Join your colleagues on February 22 for a panel discussion about students creating public-facing works. (This event is a part of the Duke Libraries Re: Publishing series)

Date: Thursday, February 22, 2018
Time: 12:00pm – 1:00pm
Location: Bostock Library Rm. 127, The Edge Workshop Room, West Campus
Registration is REQUIRED for lunch

Publishing as a Pedagogical Tool

An increasing number of faculty are using publishing as a pedagogical tool by encouraging students to make their work public and usable by others. From blog posts and Wikipedia entries to apps and open-source tools, they introduce opportunities for students to acquire new literacies: publishing, visual, and digital. At the same time, the public nature of these works raises important questions about student authorship, copyright, privacy, and responsibility.

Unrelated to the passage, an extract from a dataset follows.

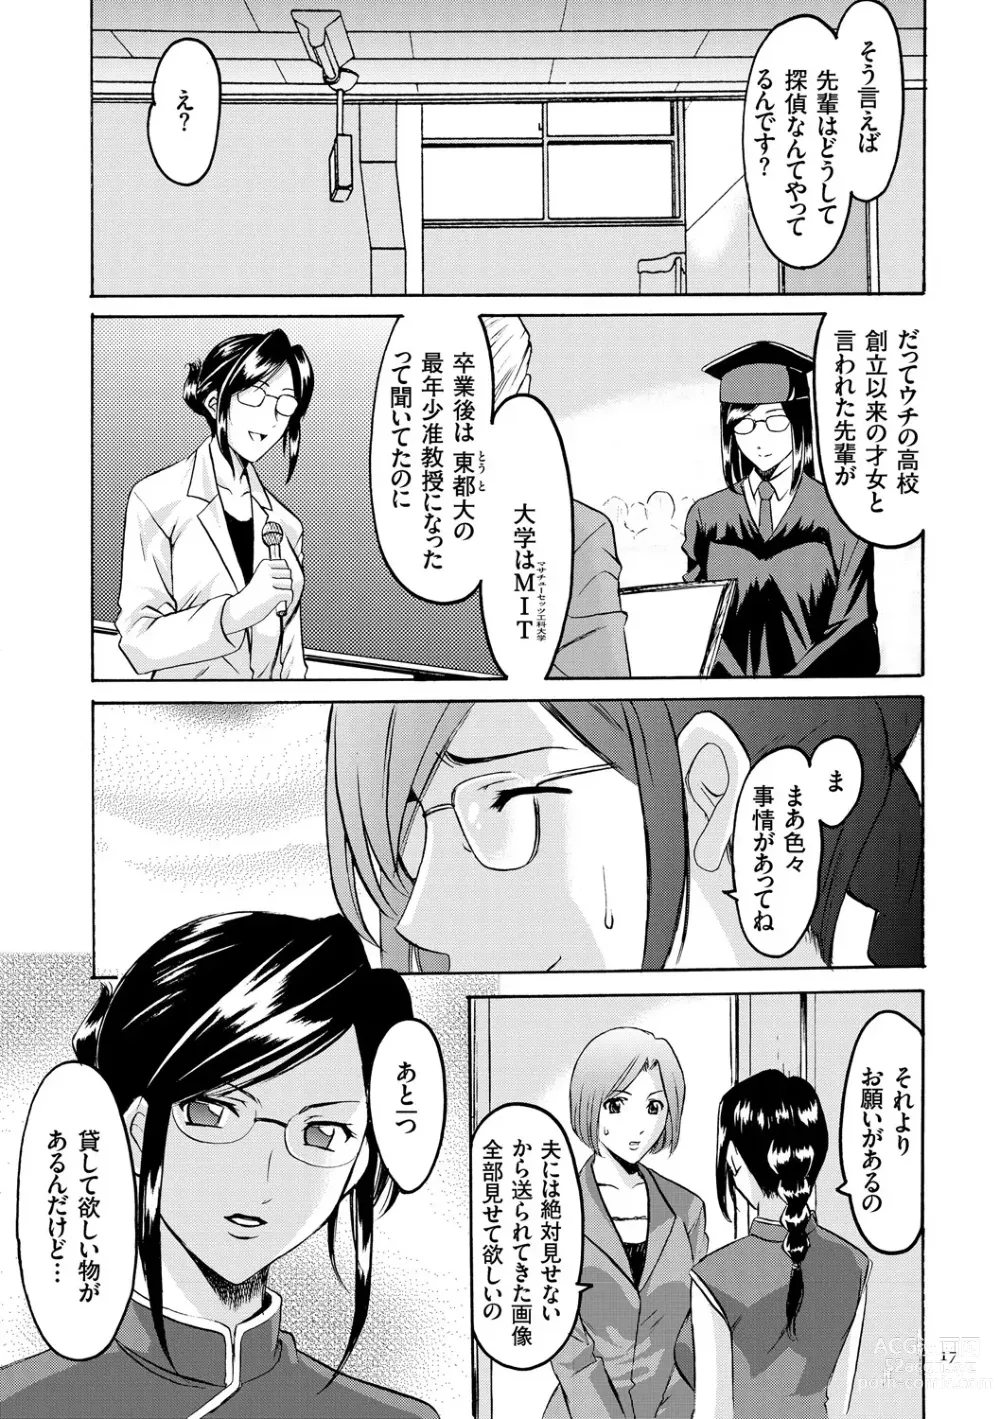 Page 17 of manga Sennyu Tsuma Satomi Kiroku

How should new modes of writing and publishing change what students do and learn in the classroom? How can we mitigate the risks, benefit from the possibilities, and learn from emerging communication methods the ways to create positive change in the scholarly publishing system? Join us as we explore these questions with a group of panelists who bring varied perspectives and experiences on how publishing tools and the act of creating public-facing works in the classroom change our approach to teaching.

Panelists

Mattia Begali, PhD (Romance Studies)
Sandra Sotelo-Miller, PhD (Thompson Writing Program)
Aria Chernik, PhD, JD (Social Science Research Institute/OSPRI)
Erika Weinthal, PhD (Nicholas School of the Environment)
Amanda Starling Gould, PhD (Comparative Literature)

Sponsors

This event is co-sponsored by Duke University Libraries (Digital Scholarship Services, Office of Copyright & Scholarly Communications), Duke Learning Innovation, Digital Humanities Initiative, Forum for Scholars and Publics, John Hope Franklin Humanities Institute, Office of Interdisciplinary Studies, PhD Lab in Digital Knowledge, Duke Initiative for Science & Society, Wired! Lab for Digital Art History and Visual Culture.